Схема работы генетического алгоритма такова. Берется случайный набор, популяция, битовых строк (в нашем случае отдельный бит, соответствующий каждому входу, показывает, учитывать или нет соответствующую входную переменную) и оценивается степень их пригодности (т.е. качество получаемых решений). Затем плохие строки исключаются из рассмотрения, а из оставшихся порождаются новые строки с помощью искусственных генетических операций мутации и скрещивания. Таким образом, возникает новая популяция, и весь процесс повторяется, порождая все новые поколения, а в конце его отбирается наилучший экземпляр. Параметр Популяция - Population задает объем популяции индивидуумов, а параметр Поколения - Generations определяет, сколько раз будет повторен цикл отбора-порождения-оценки. Произведение этих двух чисел равно общему числу операций оценивания, которые алгоритм должен будет выполнить, и каждое оценивание включает построение PNN или GRNN сети и ее тестирование на контрольном множестве.
При построении PNN или GRNN сети необходимо выбрать коэффициент сглаживания (Smoothing). В общем случае следует самостоятельно провести ряд экспериментов со всей совокупностью входных переменных, строя PNN или GRNN сети с различными коэффициентами сглаживания, и выбрать подходящее значение. К счастью, сети PNN и GRNN не слишком чувствительны к точному выбору коэффициента сглаживания, и в нашем случае вполне подойдет значение по умолчанию.
Как уже говорилось, иногда бывает полезно уменьшить число входов даже ценой некоторой потери точности, поскольку это улучшает способности сети к обобщению и уменьшает размер сети и время счета. Можно создать дополнительный стимул к исключению лишних переменных, назначив штраф за элемент (Unit Penalty). Это число будет умножаться на количество элементов, и результат будет прибавляться к уровню ошибки при оценке качества сети. Таким образом, будут штрафоваться большие по размеру сети. Обычно значения этого параметра (если он используется) берутся в интервале 0,01-0,001. В нашей задаче дополнительные переменные не несут никакой информации и действительно будут ухудшать качество сети, поэтому нет необходимости специально задавать еще и штраф за элемент.
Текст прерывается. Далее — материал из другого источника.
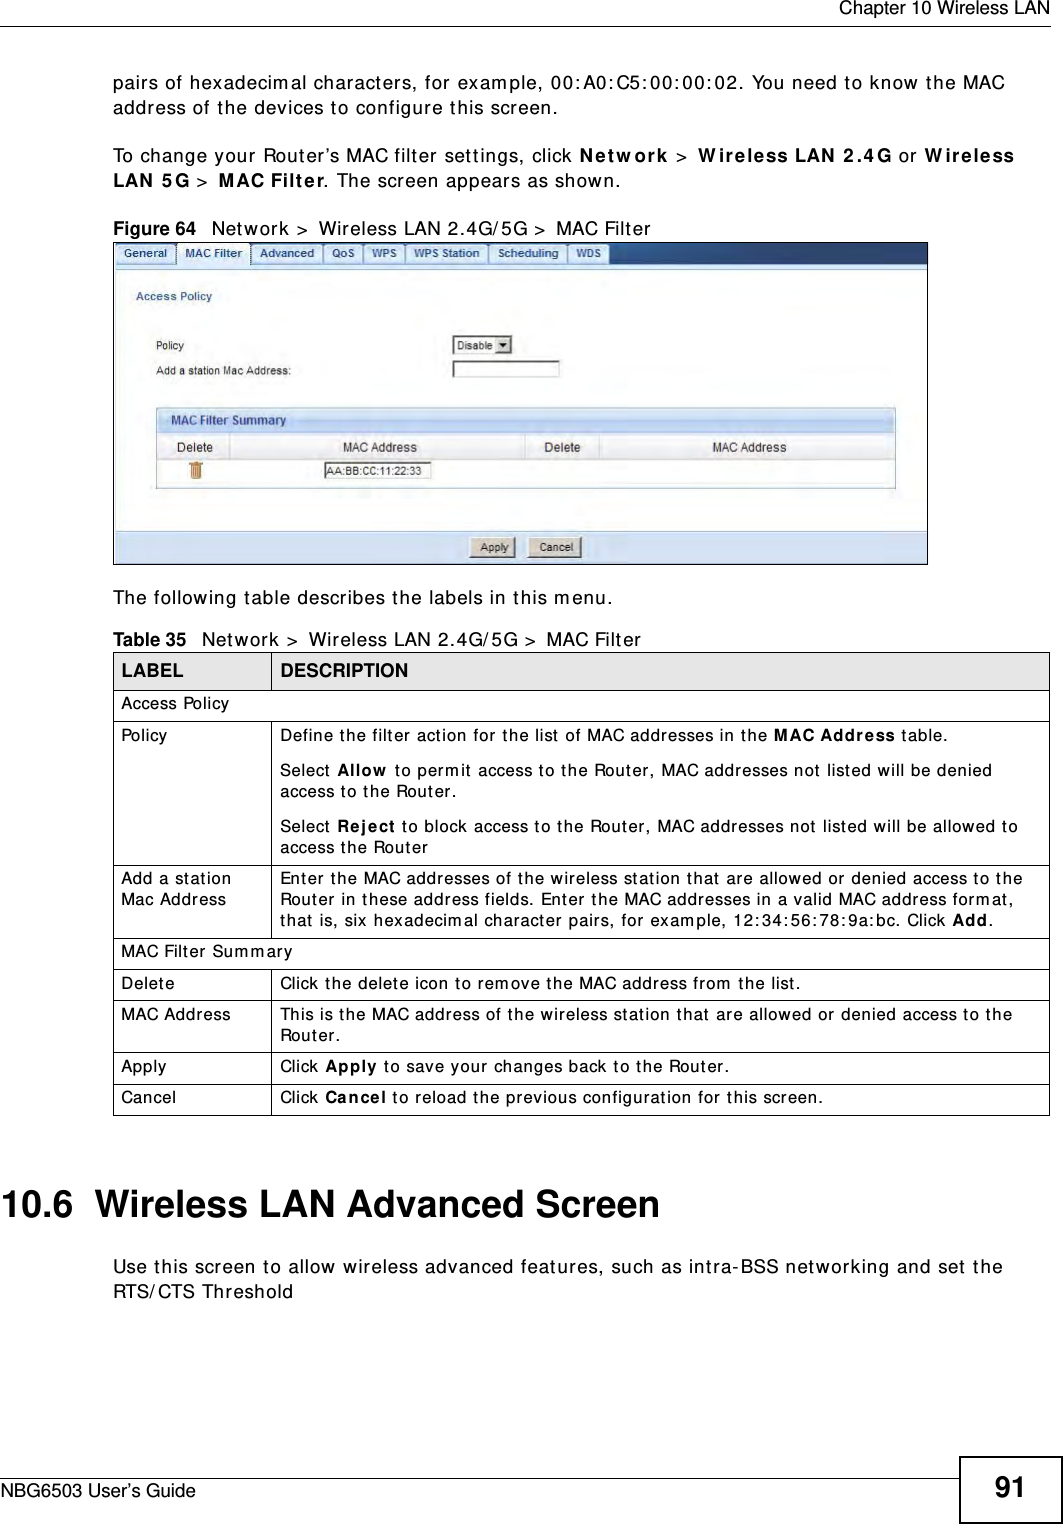  Chapter 10 Wireless LANNBG6503 User’s Guide 91pairs of hexadecimal characters, for example, 00:A0:C5:00:00:02. You need to know the MAC address of the devices to configure this screen.To change your Router’s MAC filter settings, click Network &gt; Wireless LAN 2.4G or Wireless LAN 5G &gt; MAC Filter. The screen appears as shown.Figure 64   Network &gt; Wireless LAN 2.4G/5G &gt; MAC FilterThe following table describes the labels in this menu.10.6  Wireless LAN Advanced ScreenUse this screen to allow wireless advanced features, such as intra-BSS networking and set the  RTS/CTS ThresholdTable 35   Network &gt; Wireless LAN 2.4G/5G &gt; MAC FilterLABEL DESCRIPTIONAccess PolicyPolicy  Define the filter action for the list of MAC addresses in the MAC Address table. Select Allow to permit access to the Router, MAC addresses not listed will be denied access to the Router. Select Reject to block access to the Router, MAC addresses not listed will be allowed to access the Router Add a station Mac Address Enter the MAC addresses of the wireless station that are allowed or denied access to the Router in these address fields. Enter the MAC addresses in a valid MAC address format, that is, six hexadecimal character pairs, for example, 12:34:56:78:9a:bc. Click Add.MAC Filter SummaryDelete Click the delete icon to remove the MAC address from the list.MAC Address This is the MAC address of the wireless station that are allowed or denied access to the Router.Apply Click Apply to save your changes back to the Router.Cancel Click Cancel to reload the previous configuration for this screen.

Нажмите кнопку Запуск - Run. При выполнении генетического алгоритма с параметрами по умолчанию он проделает 10000 оцениваний (популяция объемом 100 и 100 поколений). Однако в нашей задаче имеется всего семь кандидатов во входные переменные (четыре настоящих и три добавленные), поэтому число всевозможных комбинаций равно всего 128 (два в седьмой степени). Программа ST Neural Networks сама обнаружит это обстоятельство и вместо описанных действий выполнит оценивание полным перебором вариантов (соответствующая информация будет выдана в строке сообщений).
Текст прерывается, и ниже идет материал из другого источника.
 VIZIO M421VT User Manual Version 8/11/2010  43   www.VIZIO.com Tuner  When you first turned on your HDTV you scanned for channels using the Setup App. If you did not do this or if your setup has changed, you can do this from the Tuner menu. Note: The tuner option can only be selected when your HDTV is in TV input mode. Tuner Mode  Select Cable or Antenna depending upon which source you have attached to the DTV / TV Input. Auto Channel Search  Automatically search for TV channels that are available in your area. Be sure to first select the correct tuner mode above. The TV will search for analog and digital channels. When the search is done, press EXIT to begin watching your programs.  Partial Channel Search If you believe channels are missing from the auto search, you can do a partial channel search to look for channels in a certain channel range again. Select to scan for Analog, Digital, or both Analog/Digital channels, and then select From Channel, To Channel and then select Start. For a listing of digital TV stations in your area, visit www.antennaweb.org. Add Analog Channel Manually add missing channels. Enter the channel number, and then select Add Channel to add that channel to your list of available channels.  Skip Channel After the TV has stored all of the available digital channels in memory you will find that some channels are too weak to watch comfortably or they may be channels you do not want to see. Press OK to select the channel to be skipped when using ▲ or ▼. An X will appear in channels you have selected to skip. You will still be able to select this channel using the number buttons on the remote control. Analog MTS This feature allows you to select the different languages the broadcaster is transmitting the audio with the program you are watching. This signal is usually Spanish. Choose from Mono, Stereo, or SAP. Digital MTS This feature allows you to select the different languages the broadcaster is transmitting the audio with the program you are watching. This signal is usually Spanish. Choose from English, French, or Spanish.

По окончании работы алгоритма откроется окно с таблицей, в которой будет указано, какие переменные были признаны полезными, а какие нет (соответственно Да - Yes или Нет - No). Переменные, которые не рассматривались как кандидаты во входной набор (в данной задаче - выходная переменная) будут помечены как неучитываемые. Если вы все сделали правильно, алгоритм отберет настоящие переменные задачи и отбросит вновь добавленные.
Нажмите кнопку Применить - Apply. Программа ST Neural Networks применит найденный шаблон к исходным данным, и у тех переменных, которые были отвергнуты алгоритмом, изменит тип на Неучитываемая -Ignore.
Теперь сделаем параметр Штраф за элемент - Unit Penalty равным 0,01 и снова нажмем кнопку Запуск - Run. На этот раз мы побуждаем алгоритм уменьшать число входов, даже ценой некоторого увеличения ошибки. Конкретный результат будет зависеть от того, какие наблюдения были взяты в обучающее и контрольное множества. Скорее всего, однако, окажется, что переменные PLENGTH и PW1DTH будут отобраны, а переменные SLENGTH и SWIDTH - отвергнуты. Экспериментируя с различными значениями штрафа за элемент, вы сможете приблизительно упорядочить входные переменные по степени важности.